TAYLOR: Hey, then you name one yourself. Name one Mexican neighborhood you‘d like to live in.

This is typical. These are people who say, OK, this is great. I don‘t care if these Mexicans are going to live 20 or 30 in a house, because it‘s not my daughter who's going to look across the back fence and see them urinating in their yard. No, I'm happy to get a guy who can mow the lawn for $2 an hour and that‘s all I care about. This is a much bigger question.

Scarborough's only counter to this vile bigotry was that Taylor was offering "stereotypes that you may not agree with."

This exchange was similar to those on Taylor's previous Scarborough appearance. Buchanan's presence on that program was especially noteworthy, since his most recent book is entirely predicated on arguments from "academic" racists like Taylor and Glayde Whitney, who have been arguing for years that American culture is on the verge of being overwhelmed by nonwhites with no respect for "white America." Indeed, numerous footnotes in The Death of the West cite work by Taylor, Whitney and others of their ilk. And as I noted previously, this was the entire focus of David Duke, the nation's most prominent white supremacist, for most of the 1990s.

But then, this is an act Buchanan has been perfecting for years, transmitting ideas and agendas from the extremist right into the mainstream, ranging from welfare reform to Clinton hatred. Buchanan was even explicit about this once, writing in a 1989 column that, when Duke ran for the Louisiana state legislature and shared a phone with the Klan, national Republican leaders were overreacting to Duke and his Nazi "costume": "Take a hard look at Duke's portfolio of winning issues, and expropriate those not in conflict with GOP principles." Buchanan added that Duke was correct to attack "reverse discrimination against white folks" and crime committed by the "urban underclass." He praised Duke for walking "into the vacuum left when conservative Republicans in the Reagan years were intimidated into shucking off winning social issues." The column concluded: "The GOP is throwing away a winning hand, and David Duke is only the first fellow to pick up the discards."

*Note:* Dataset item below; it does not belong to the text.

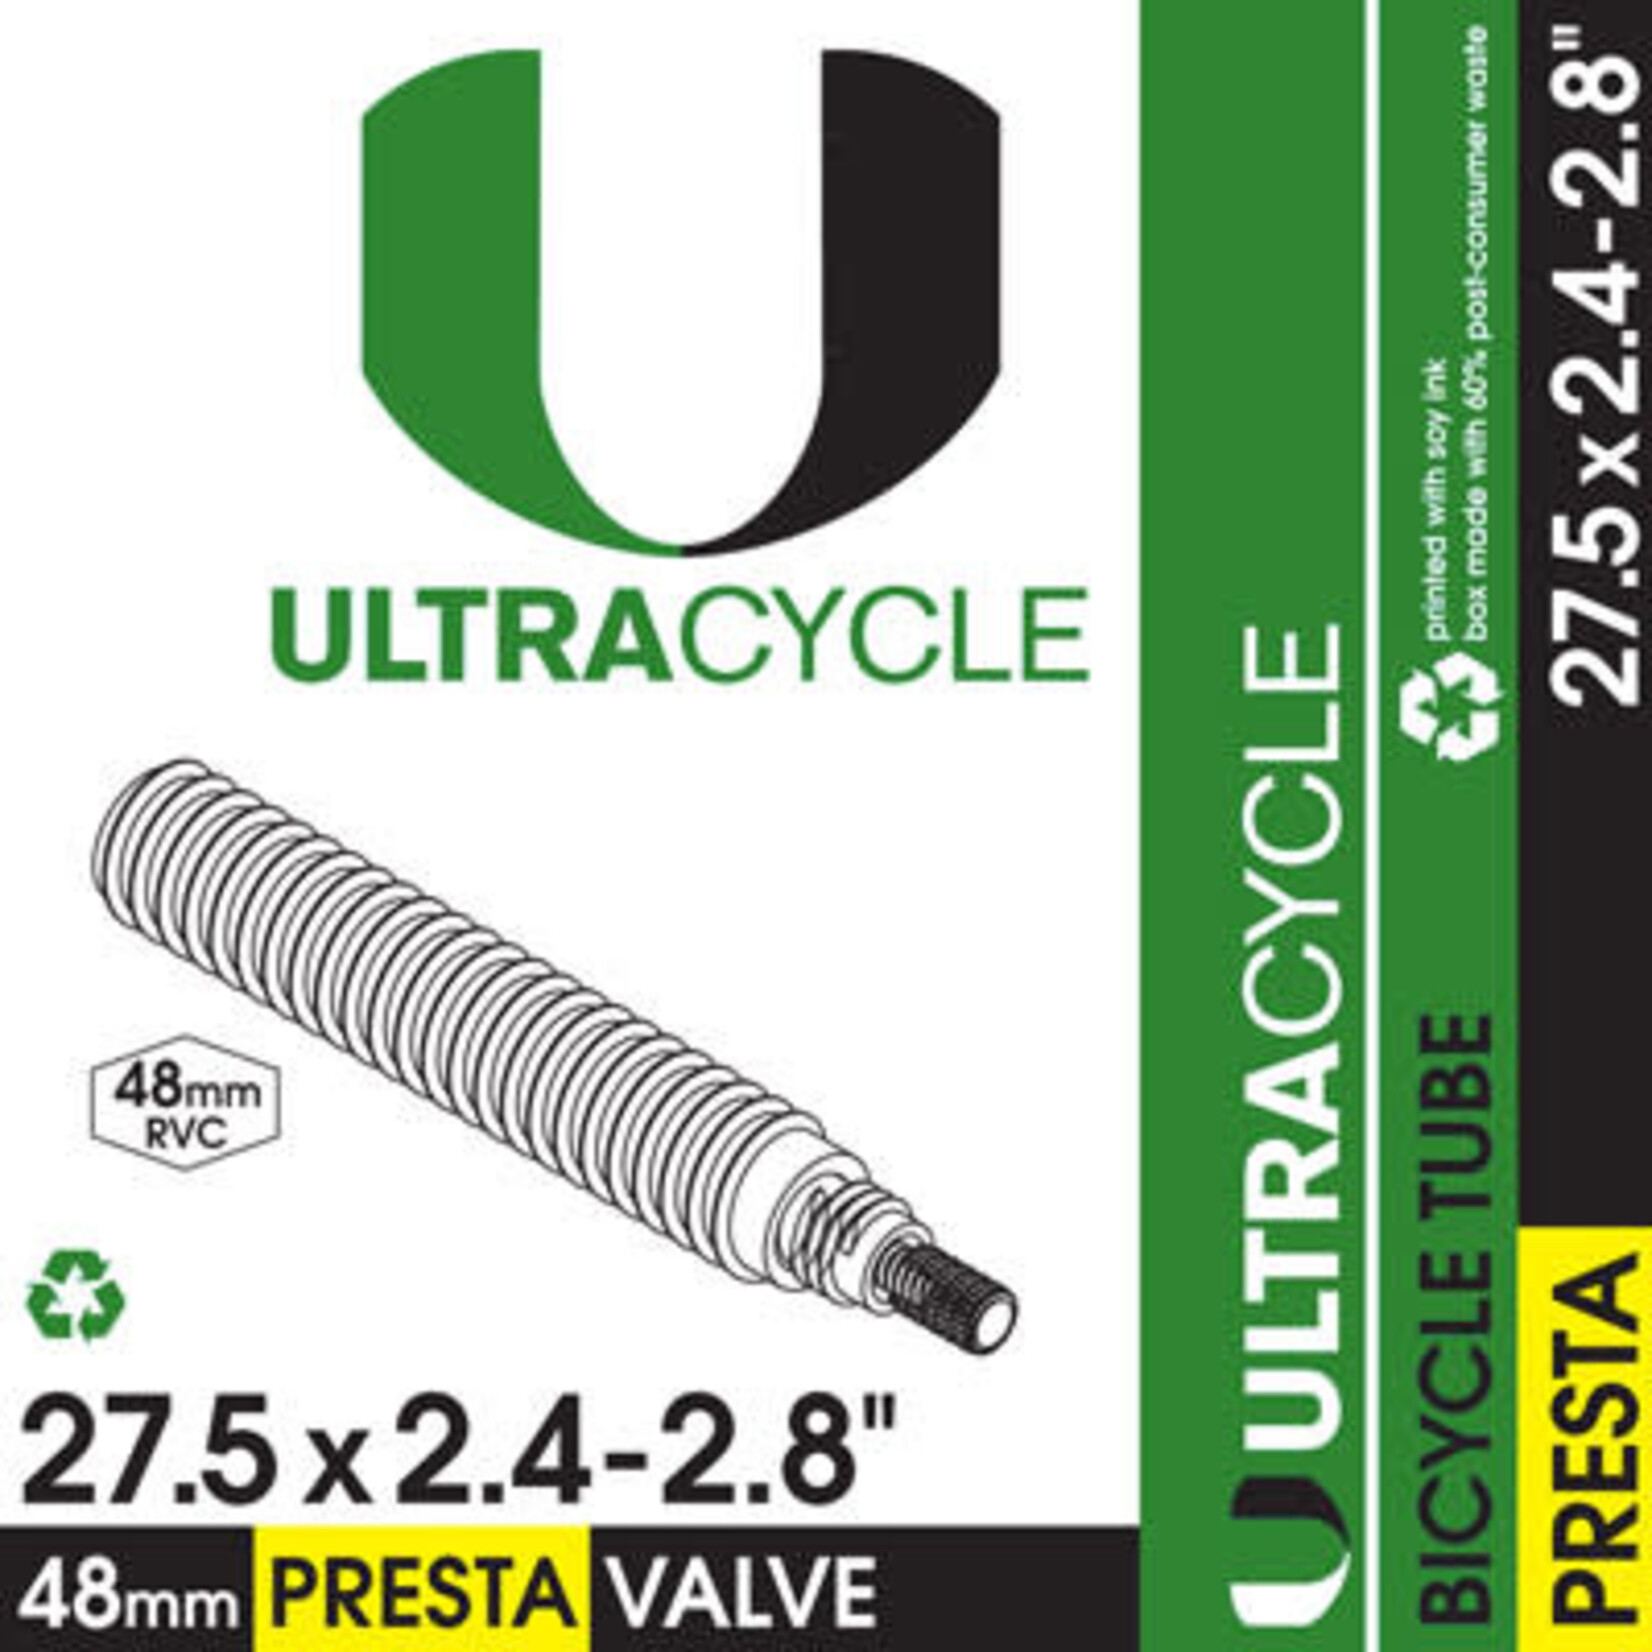 ULTRACYCLE UC 27.5X2.4-2.8 TUBE,48,PV,RVC 48mm STEM, 50 per case

That is not the case any longer. This strategy is reaching a real, and genuinely dangerous, fruition in the nexus of immigration reform. As the Scarborough episodes suggest, this nexus means a real empowerment of white supremacists, since not only are they gaining real influence within the mainstream, but they are being accorded treatment that makes their radical beliefs out to be ordinary, acceptable and even the best policy for America.

Fortunately, the Bush administration to date continues to align itself with the corporatist element that, for its own reasons, has long resisted the Nativist element in American society. But as the ideological anti-immigrant right gains in power, influence and real numbers, this bulwark -- not particularly great in the first place -- is in real danger of crumbling.